3. Are sound cue programs such as these feasible for a live play? Or would it be better to have them mapped out in time with the actors' "acting" [So to speak ]?

I hope you guys live up to zac850's praise, he said to come here for help. Thanks in advance. [/b]


----------



## spiwak2005 (Nov 29, 2004)

*Go for the MD*

My vote is for the MD. 

Controls for recording are virtually the same as recording to a cassette. 

Controls for playback are virtually the same as a CD. To "cue" up a sound, play/pause and go to the track you will need next. As soon as you hit play again, the sound will be there. You asked if it was lossless - lossless refers to sound quality, not the ability to cue up the next track you will need. MD is NOT lossless - unless you are sending a digital source digitally into the MD (ie: using an optical cable from a CD player) it's not true digital. This should not be a problem for you guys though - sound quality should be plenty fine for playback. Make sure when you record the sounds to the MD, you leave a few seconds of silence at the end of the track. That way when you playback, you will have a couple seconds to hit pause again before the next track begins.

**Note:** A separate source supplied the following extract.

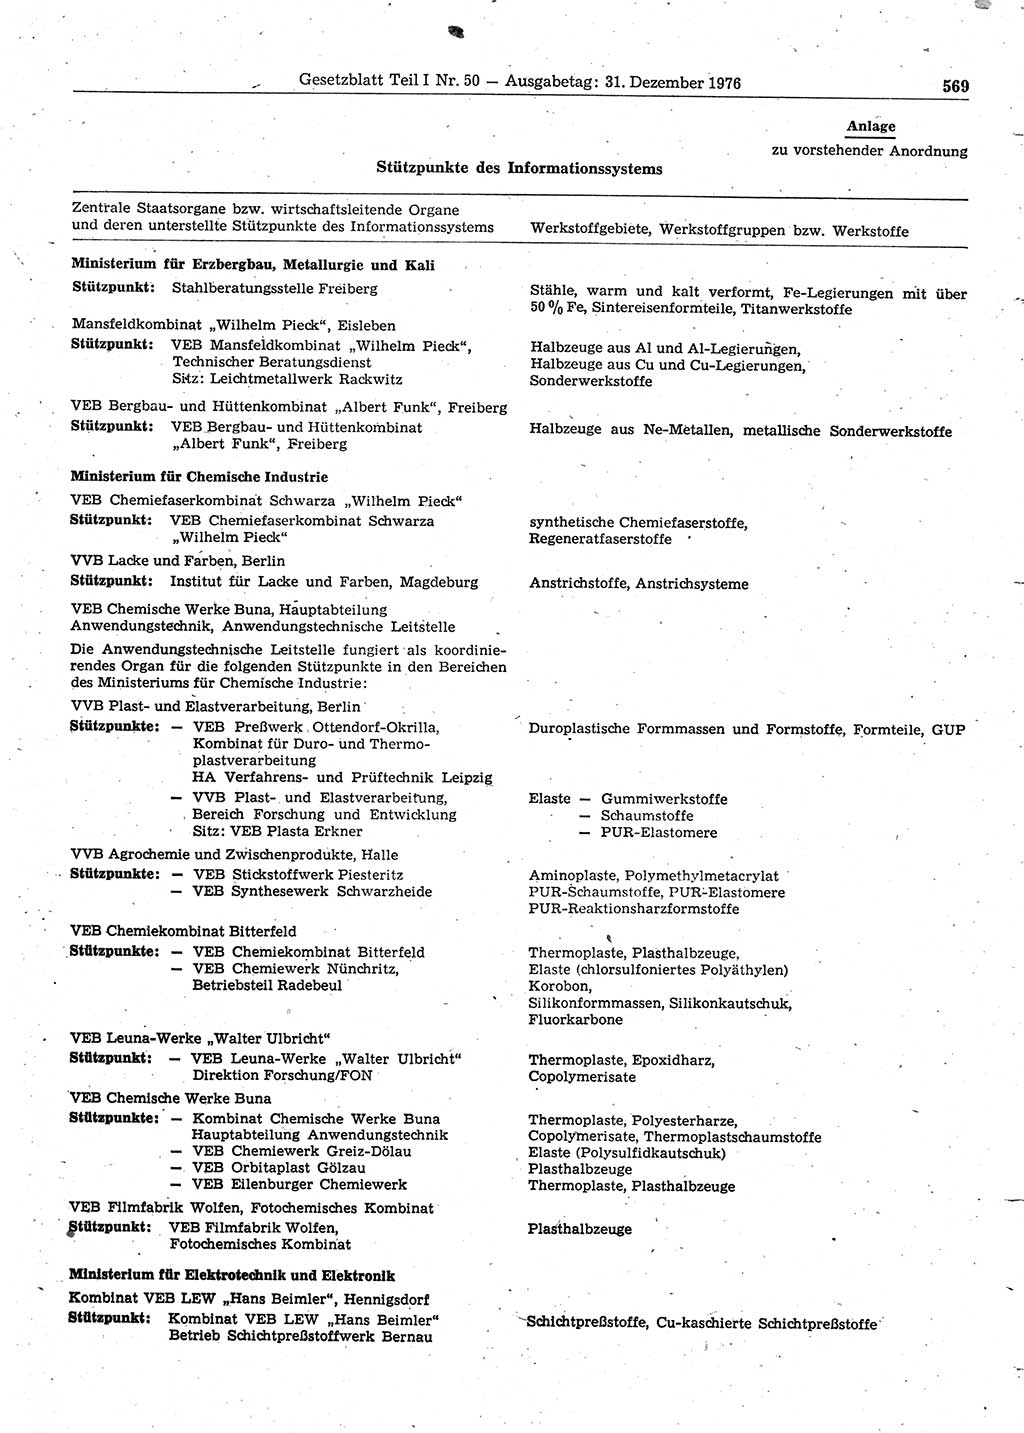 Gesetzblatt (GBl.) der Deutschen Demokratischen Republik (DDR) Teil Ⅰ 1976, Seite 569 (GBl. DDR Ⅰ 1976, S. 569)

If you have a "pro" model player, it may even have a function to play just the selected track, then stop. I use my portable MD all the time for this very purpose...it does NOT automatically stop, but it's not too hard to hit pause yourself, then just move to the next track you need and it's already paused and cued up for that track. Any other questions, PM or e-mail me anytime. 

Chris Spiwak


----------



## OldGrover (Nov 29, 2004)

I know we've gone completely to sound cue programs using laptops - various people around here use different ones. They're pretty easy, especially if other people are running sound then set it up - for Caesar, they just stuck sticky notes '1' '2' '3' over the keys, corresponding to
the cue numbers in the script. Press the number when you see it in the script - programmable people 

-OG


----------



## m4g1cky (Nov 29, 2004)

Well, we decided to go with the Minidisc idea for the music tracks, but for now we are sticking with the iTunes for sound effects. As of now, recording and testing each track from Cd to Md is a little over-the-top, the final quality is great, and it seems to be perfect for what we need. 

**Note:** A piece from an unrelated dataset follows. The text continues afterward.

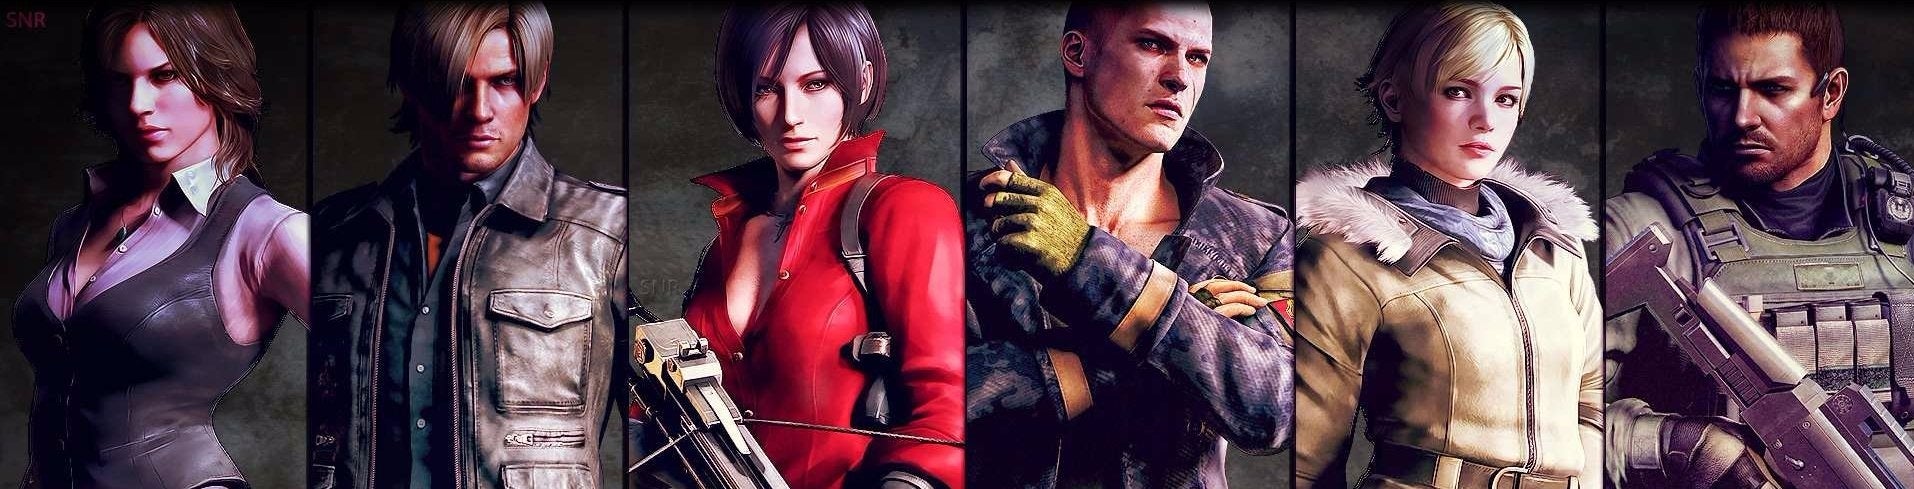 Obrazki dla Digital Foundry kontra Resident Evil 6 Remastered

As for the cue programs you mentioned OldGrover, is it free?


----------



## ccfan213 (Nov 29, 2004)

what i do is i either get an unsuspecting tech, or for the last show i had the teacher who was the assistant director sitting next to me doing effects. basically i just put them on a CD in order of how they go and just hit the play button. when i have time to rehearse, i will do it myself and just have someone by me doing "standby" basically someone to hit cues for me if i need it or fix a wireless mic problem etc. if i dont have enough rehearsal time i have someone just do cues for me. anyway i have never felt the need to use a cue program, especially if your cd player has a remote and you have time to make a cd with the effects in the order you need them.


----------



## mbenonis (Nov 29, 2004)

For our last show, I burned all cues to CD (two CD's that could be used in parallel, actually), and had operators cue and run them. This was the most reliable system (CD players don't crash) and it also delivered really good sound quality. And it's not complicated to press play.


----------



## Calc (Nov 29, 2004)

Go with the dual players (CD, MD), if you can. This is what i did for our last show. I made 2 CD's: one with music, and one with sound effects. I ran the board, and did the levels for them, along with the mics we were using. 

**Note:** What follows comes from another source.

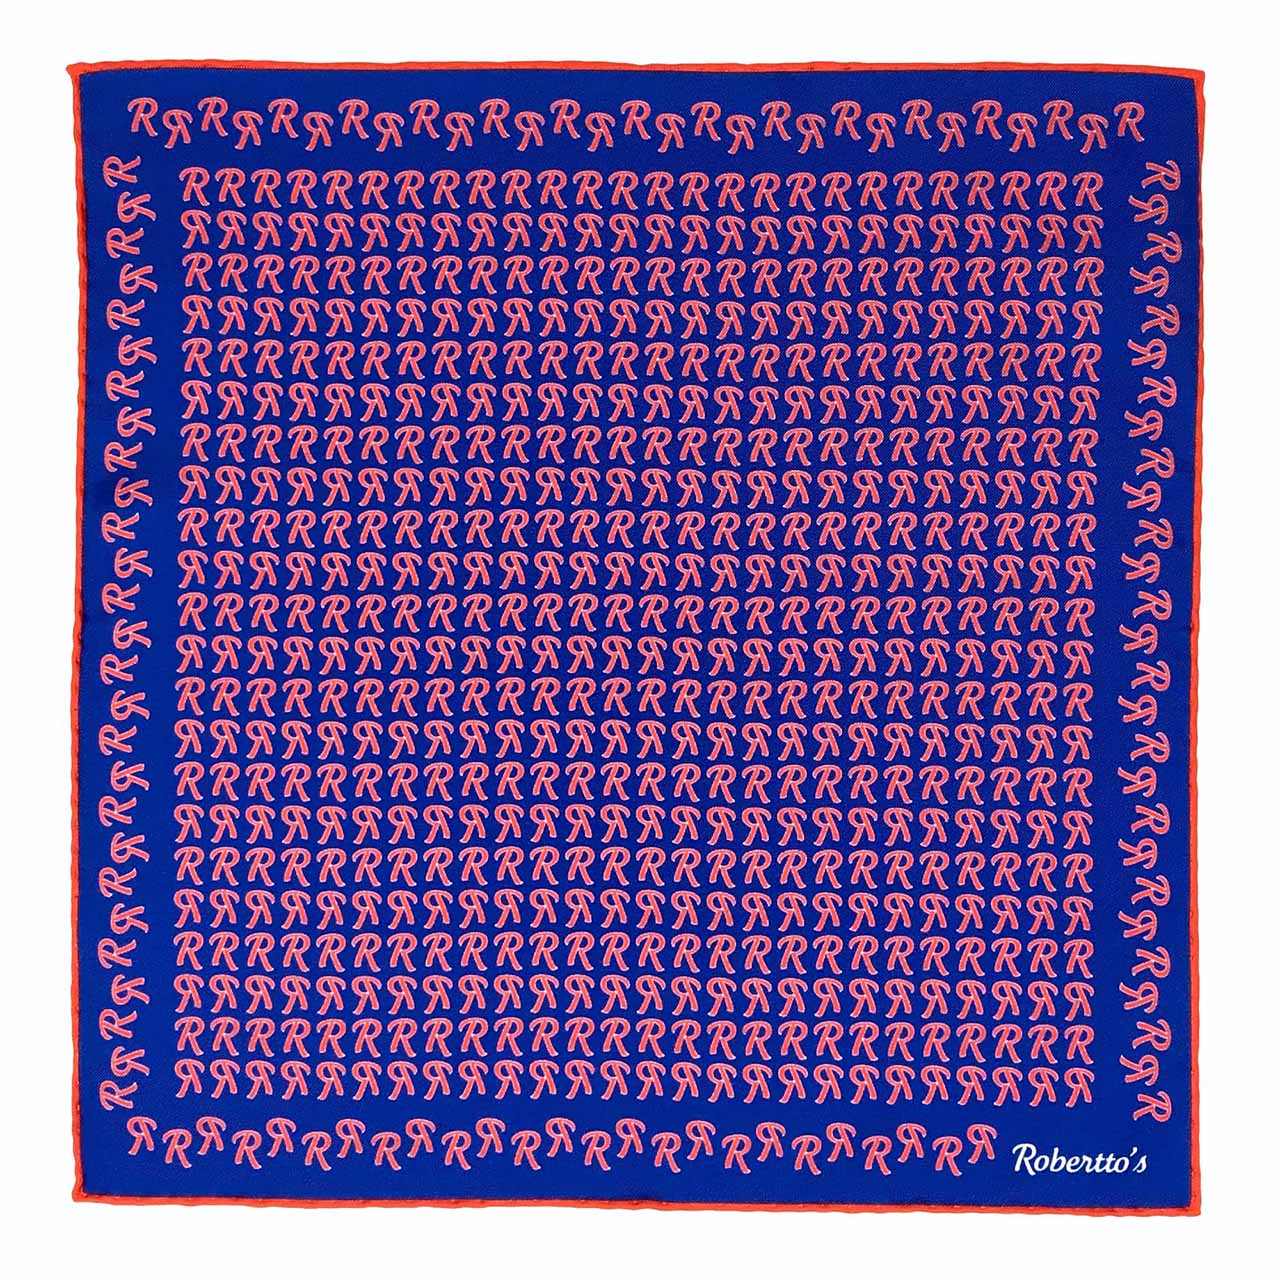 The Monogram Edition Glaucous Blue Pocket Square

Listen to the other guys here: If you have the person to do it, it's the easiest way to go with the least hassle.


----------



## zac850 (Nov 29, 2004)

Here is an update:
We're using the mini disk for any music, and iTunes for sound effects (xylophone sounds mostly). The mini disk wasn't that horrible, judging by the fact that we learned how to use it in maybe half an hour during tech week. We have 3 Mini disks, one for each act. We will also be using CD's for preset and intermission house music.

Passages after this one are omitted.